De allí que se hable de emociones políticas, entendidas como afecciones, valoraciones y reacciones corporales que se encuentran relacionadas con los principios o la cultura pública de una sociedad y tienen por objeto la nación, procesos políticos, instituciones, dirigentes, situaciones históricas y la percepción sobre el espacio público. Dichas emociones tienen importantes consecuencias en el devenir de una nación, pudiendo dar vigor o descarrilar sus luchas y objetivos (Nussbaum, 2014). El hecho que los sujetos formen parte de núcleos de relación, se identifique con algunas colectividades e integren una nación particular; suscita ciertas emociones, que resultan del juego dialéctico entre las sensaciones subjetivas y las condiciones compartidas, en función de lo colectivo y de lo político. De allí que sea posible hablar de emociones basadas en el grupo, emociones sociales y políticas (Goldenberg, Saguy, & Halperin, 2014), o de ciertas orientaciones emocionales colectivas (Bar-Tal, 2001), que son mucho más que el mero agregado del comportamiento emocional individual y pueden jugar un papel relevante en el mantenimiento y/o la resolución de los conflictos, incidiendo incluso sobre creencias, comportamientos y configuraciones subjetivas, en una unidad simbólico-emocional (González Rey, 2008; Halperin & Pliskin, 2015). Así, tienden a generarse emociones compartidas negativas, como la desconfianza, la ira, el odio, el miedo y la humillación; que a su vez configuran actitudes y comportamientos que obstaculizan la paz y la reconciliación (Cohen-Chen, Halperin, Crisp, & Gross, 2014).

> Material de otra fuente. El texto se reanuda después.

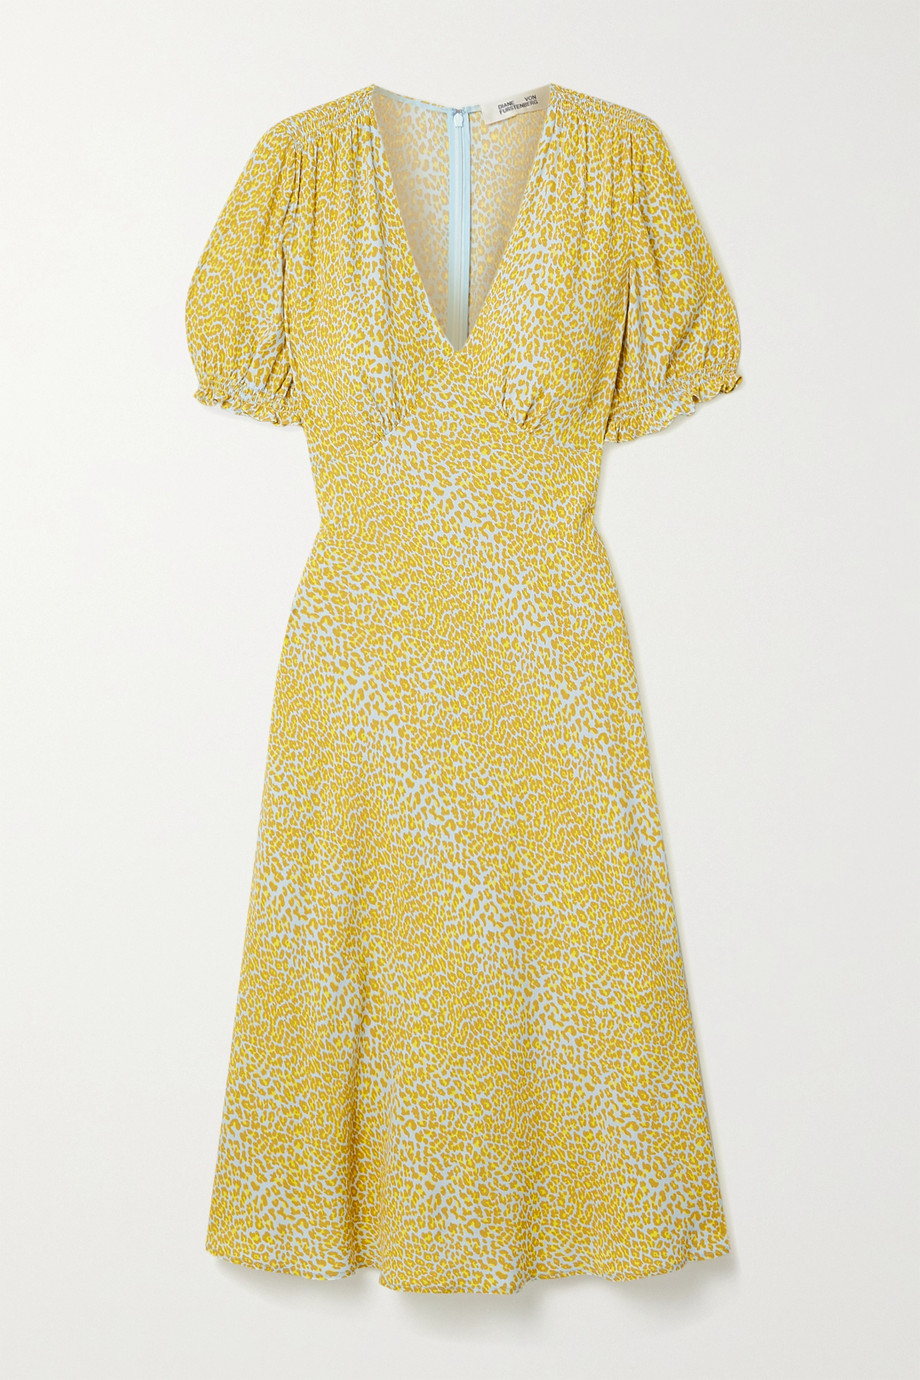 Diane von Furstenberg Idris leopard-print crepe midi dress

Algunas investigaciones han intentado comprender la forma en la que estas emociones obstaculizan la construcción de paz. Una primera orientación emocional es la de desconfianza entre los grupos implicados (Çelebi et al., 2014), que si bien puede redundar en actitudes defensivas o pasivas; mantiene la distancia social, la diferenciación y no posibilita el contacto intergrupal positivo, ni la configuración de identidades más abarcadoras e incluyentes (Noor et al., 2012). Por su parte, la ira emerge de considerar las acciones del exogrupo como injustas, lo que inspira la necesidad de tomar medidas correctivas o confrontativas frente a las mismas. Las primeras, podrían conducir a una acción constructiva, que no vincule la violencia; sin embargo, las confrontativas pueden derivar en un choque de fuerzas y en una agresión intergrupal (Halperin, 2008; Halperin & Pliskin, 2015). No obstante, debe destacarse la posibilidad que tiene la ira de asociarse con la creencia de que el grupo puede cambiar las situaciones de conflicto, lo que es fundamental para la construcción de paz (Halperin & Pliskin, 2015).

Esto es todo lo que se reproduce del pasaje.